Exercise>
From the records below, transcribe only the lines running from the one with "Printed Shorts For" through the one with "Common challenges when". Keep both of those end lines.

Material for this exercise>

────────────────────

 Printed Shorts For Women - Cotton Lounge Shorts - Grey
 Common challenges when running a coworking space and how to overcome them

────────────────────

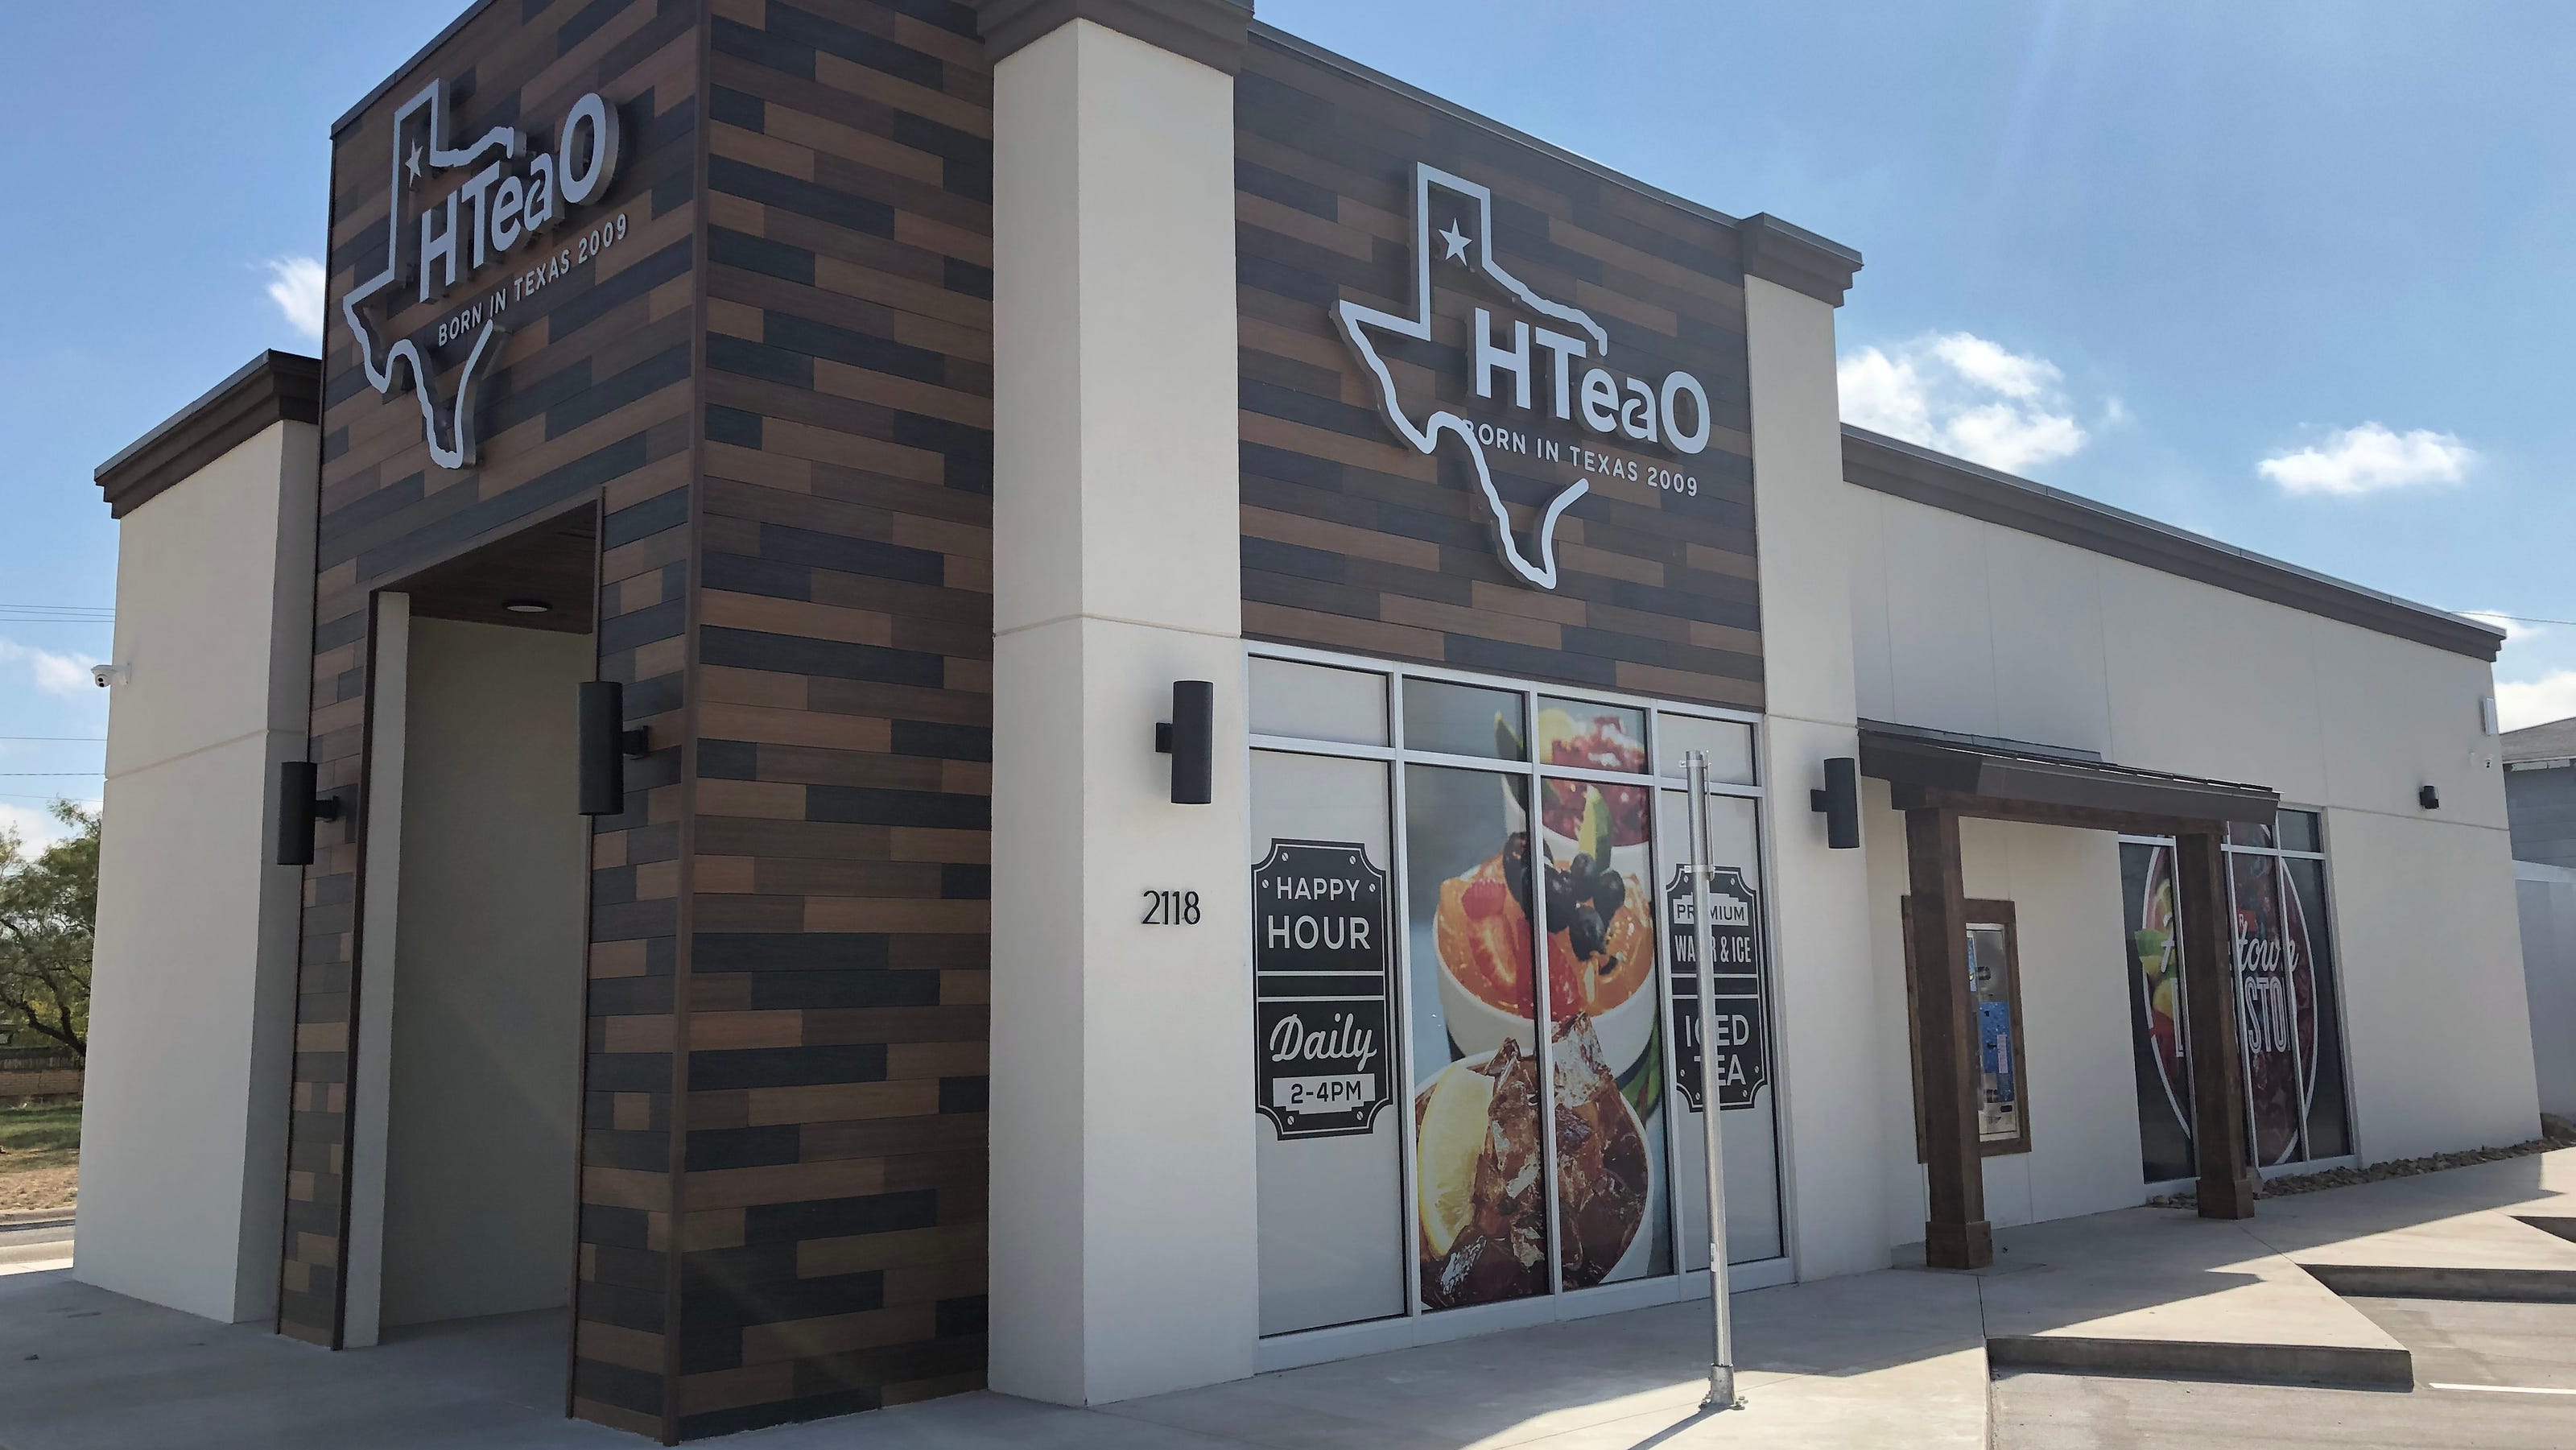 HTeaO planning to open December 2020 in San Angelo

────────────────────

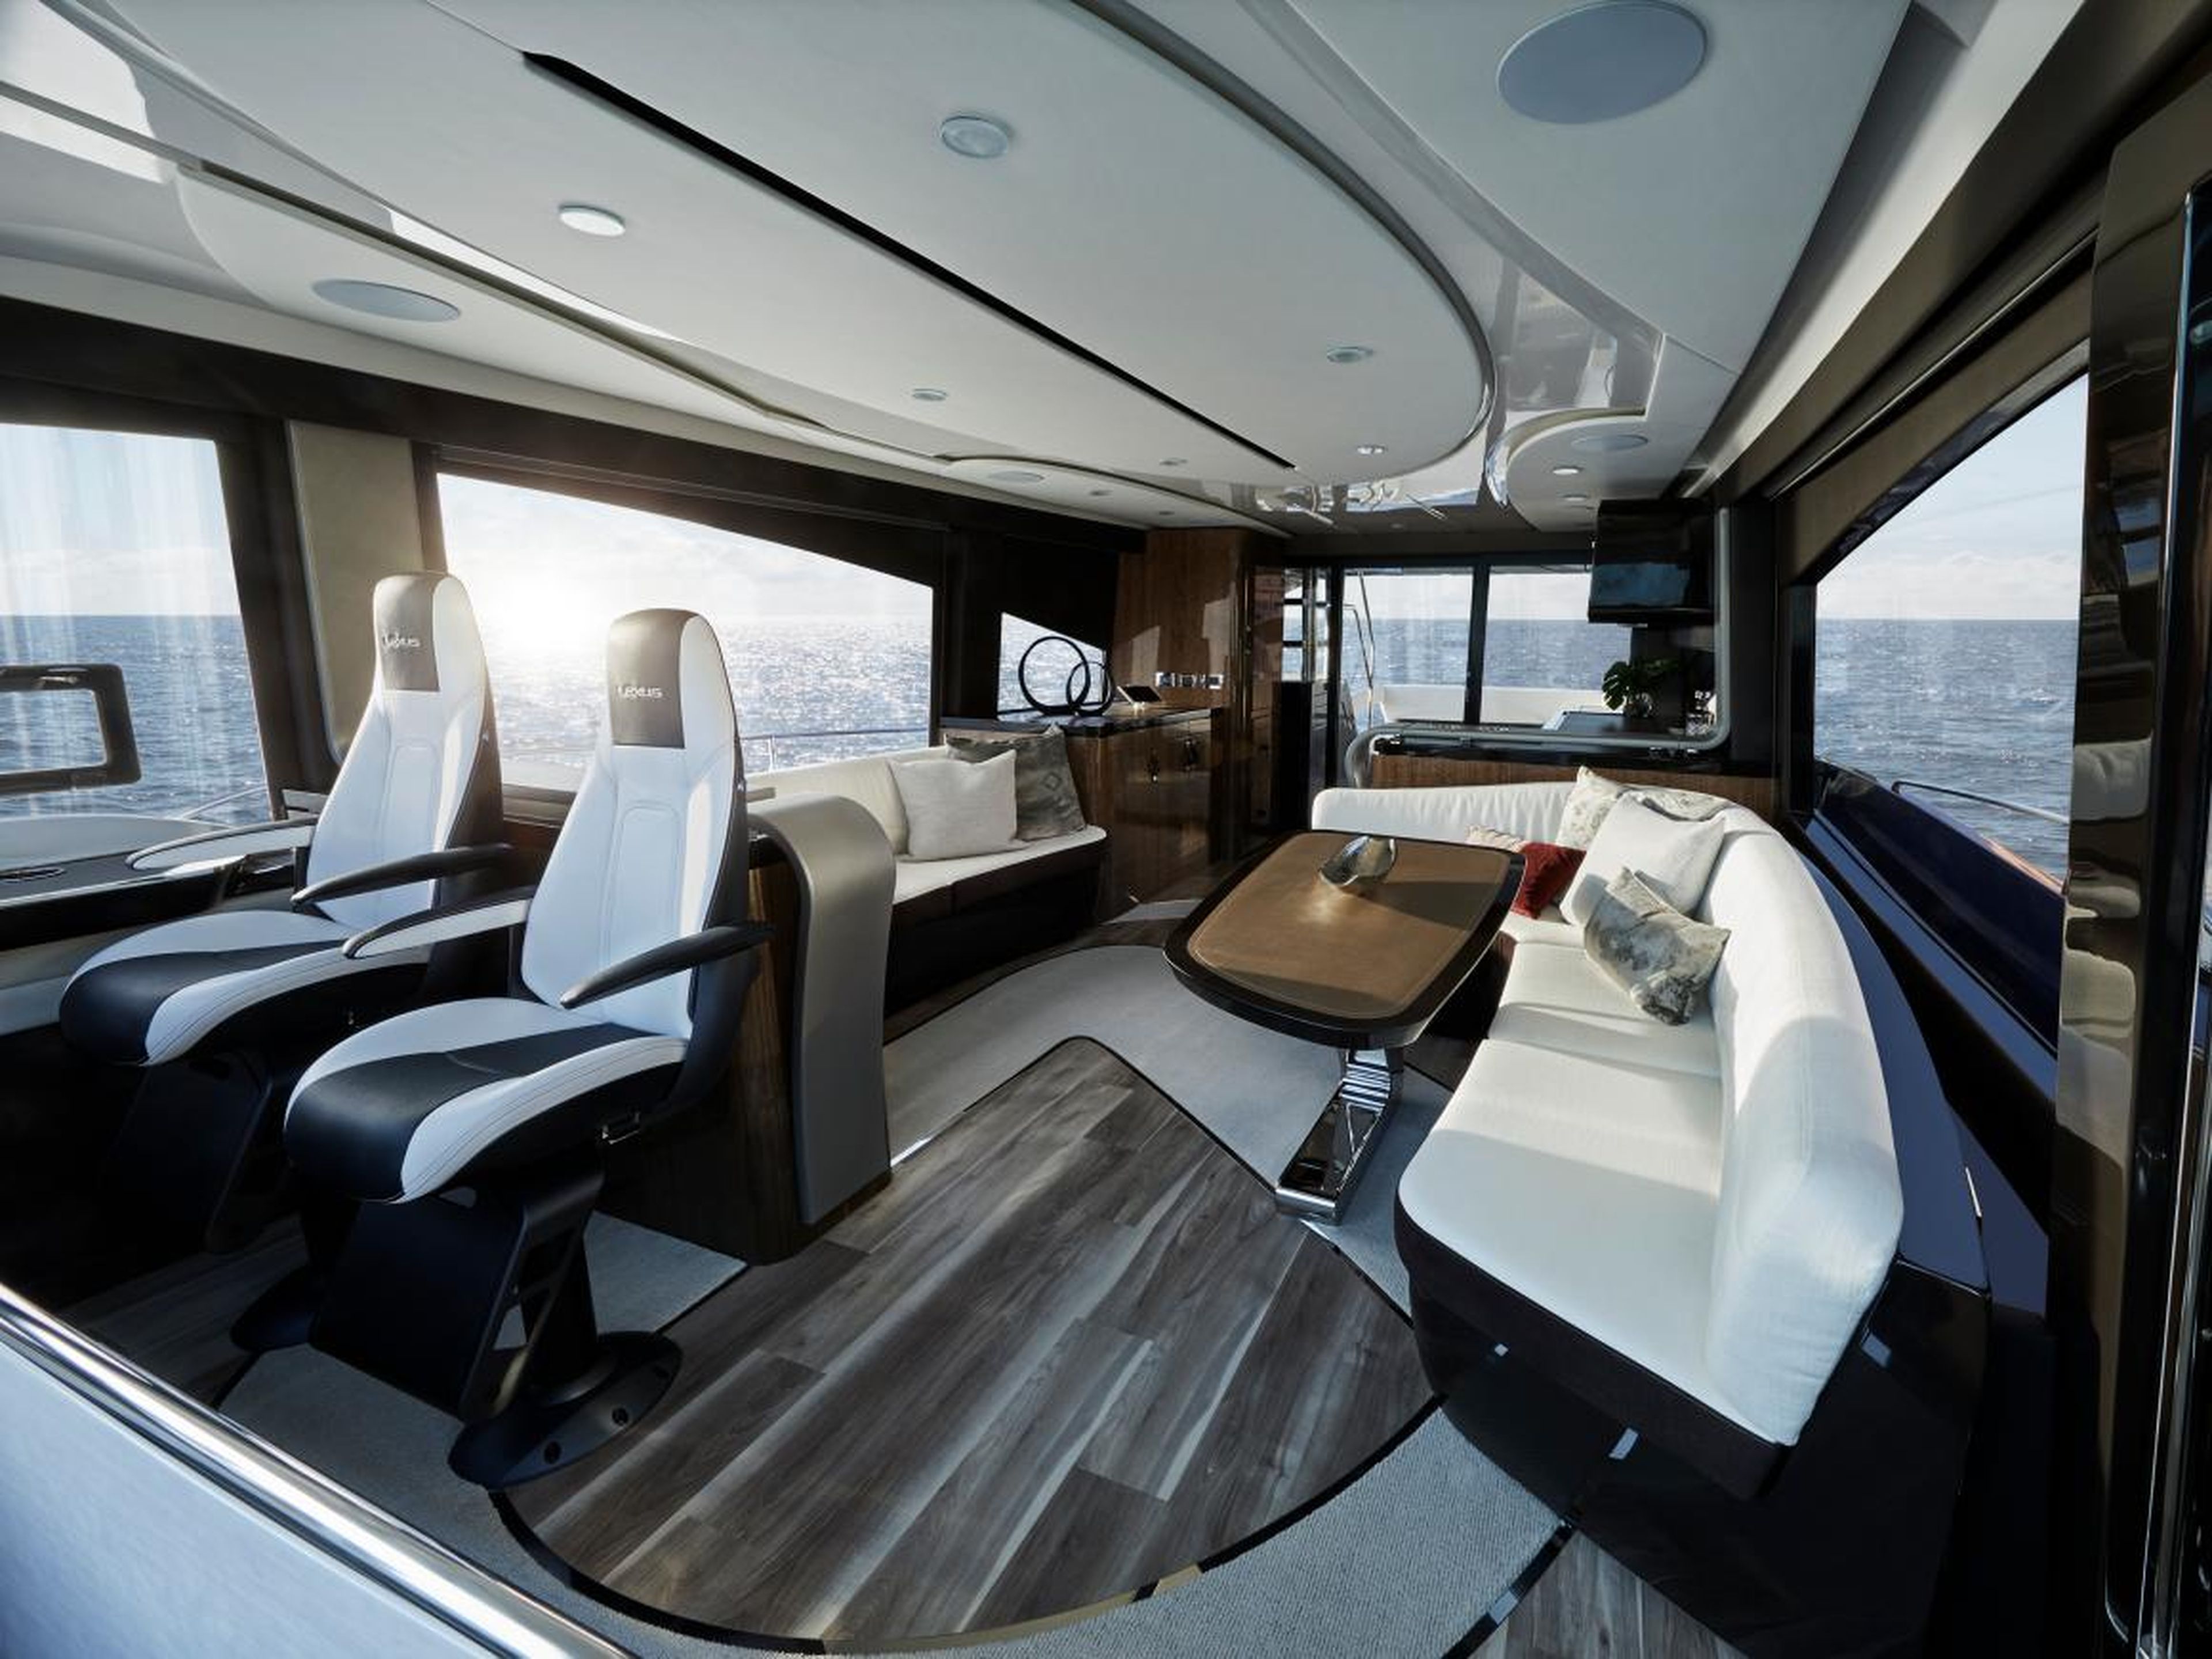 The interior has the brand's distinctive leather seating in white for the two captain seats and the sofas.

────────────────────

Problem solution>
 Printed Shorts For Women - Cotton Lounge Shorts - Grey
 Common challenges when running a coworking space and how to overcome them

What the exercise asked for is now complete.